Мама выхватила у меня газету, пробежала сообщение.
– Не смей его так называть! – крикнула она. – Не смей, не смей!
У нее срывался голос, и она, рыдая, повторяла без конца: «Не смей!» Будто вместе с этими словами выталкивала из себя всю прежнюю любовь, и ненависть, и обиду. Ее била истерика…
Я навела справки и узнала: еще год назад, когда началась реабилитация и стали возвращаться в Баку кое-кто из уцелевших жертв былых репрессий, Калмыков исчез. С молодой женой уехал, как говорили, в Ростов, где жила какая-то родня, а по другим слухам – в Новосибирск. Словом, следы его затерялись. Как и в восемнадцатом году, ему удалось сбежать с корабля.
Рассказывали, что Багиров на суде держался дерзко. Указав на подручных, бросил презрительно: «Что вы их судите? Они мои приказы выполняли. Меня расстреливайте…»
Мы с мамой добивались реабилитации отца. Куда только ни писали – в прокуратуру, в республиканский Совет министров, наконец, в ЦК КПСС. Ответы приходили всегда из прокуратуры. Терпеливо и бесстрастно нам сообщали одно и то же: Штайнер Генрих Густавович был выслан из Баку в 1941 году в числе лиц немецкой национальности и умер от болезни. Поскольку он не был судим и осужден, нет и оснований для реабилитации.
Коротко, но неясно. Выходит, если бы отца осудили как врага народа, то было бы лучше: он подлежал реабилитации. А так – выслан, и все. Как говорится, общий привет.
Логика идиотов…
Мы сами реабилитировали отца. Откуда-то, из глубокого тайника, мама извлекла старую афишу, желтую, с лохмотьями по краям. Я ахнула: «Разбойники» Ф. Шиллера в ТРАМе, режиссер Г. Штайнер! Я кинулась маме на шею, мы вместе поплакали… Афиша заняла почетное место рядом с большим фотопортретом отца. Худощавый человек в пенсне, с редкими светлыми волосами, аккуратно зачесанными на косой пробор, застенчиво смотрел на входящего в комнату.
С этим портретом Сергей долго возился. Он в то время увлекался фотографией, оборудовал в кладовке уголок, где стоял, как цапля на одной ноге, увеличитель. Там горел красный фонарь и пахло кислыми реактивами. Как умудрился Сергей с плохонького любительского снимка сделать превосходный фотопортрет?

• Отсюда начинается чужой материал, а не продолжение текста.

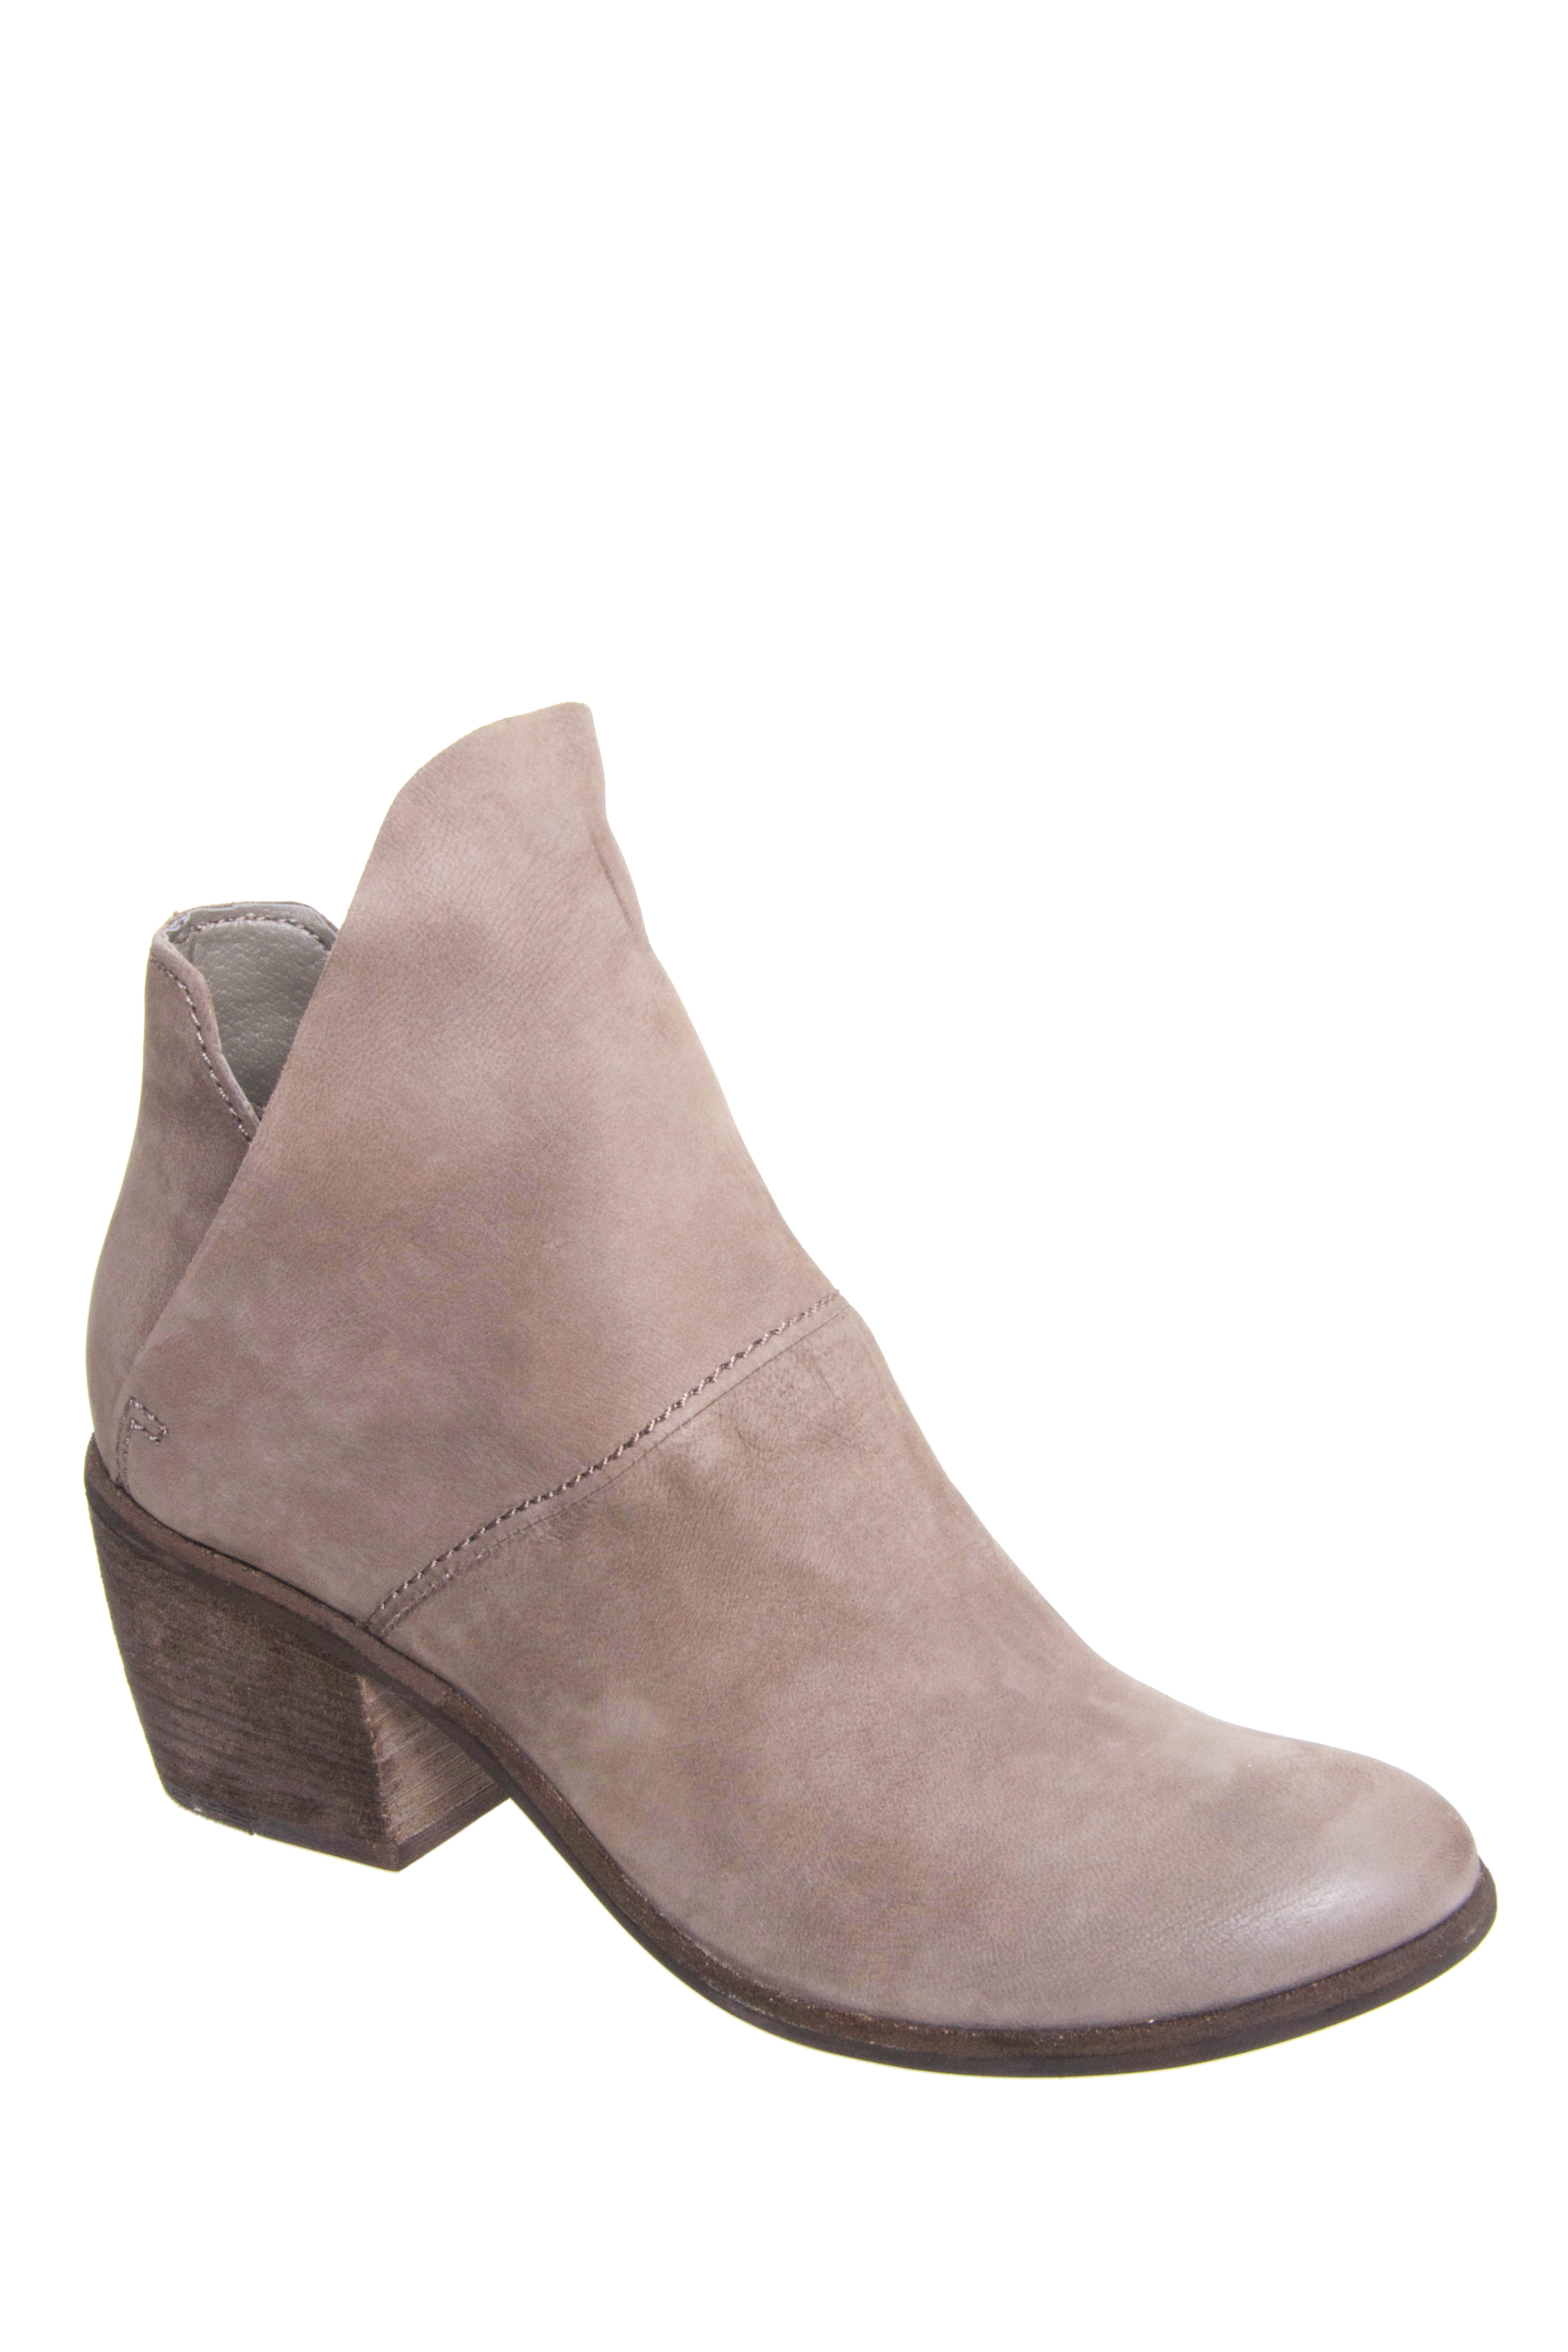 Dolce Vita Salena Mid Heel Booties - Grey Nubuck

Все, за что он брался, он делал хорошо. Основательность была в его натуре если не главной, то очень заметной чертой. И, конечно, трудолюбие. Придя с работы и поев, он раскладывал на столе свои бумаги, газеты и принимался за писанину. Писал статьи для «Моряка Каспия», для городской газеты «Вышка» – в излюбленном своем приподнятом стиле повествовал о трудовых успехах каспийских моряков. Статьи, к его огорчению, всегда сокращали. «Вот же прохвосты, стрикулисты, – ругался Сергей, – не буду им больше писать». Но писал снова и снова.
Он был по природе деятель. Если Ниночкиной энергии хватило бы на освещение дома, то уж энергии, которой обладал мой Сергей, достало бы на всю улицу Видади, бывшую Пролетарскую. Он придумывал новые формы соцсоревнования морских судов. Затевал радиопереклички портовиков Каспия. Обобщал для каспаровского начальства передовой опыт грузовых и пассажирских перевозок – и прочее, и прочее…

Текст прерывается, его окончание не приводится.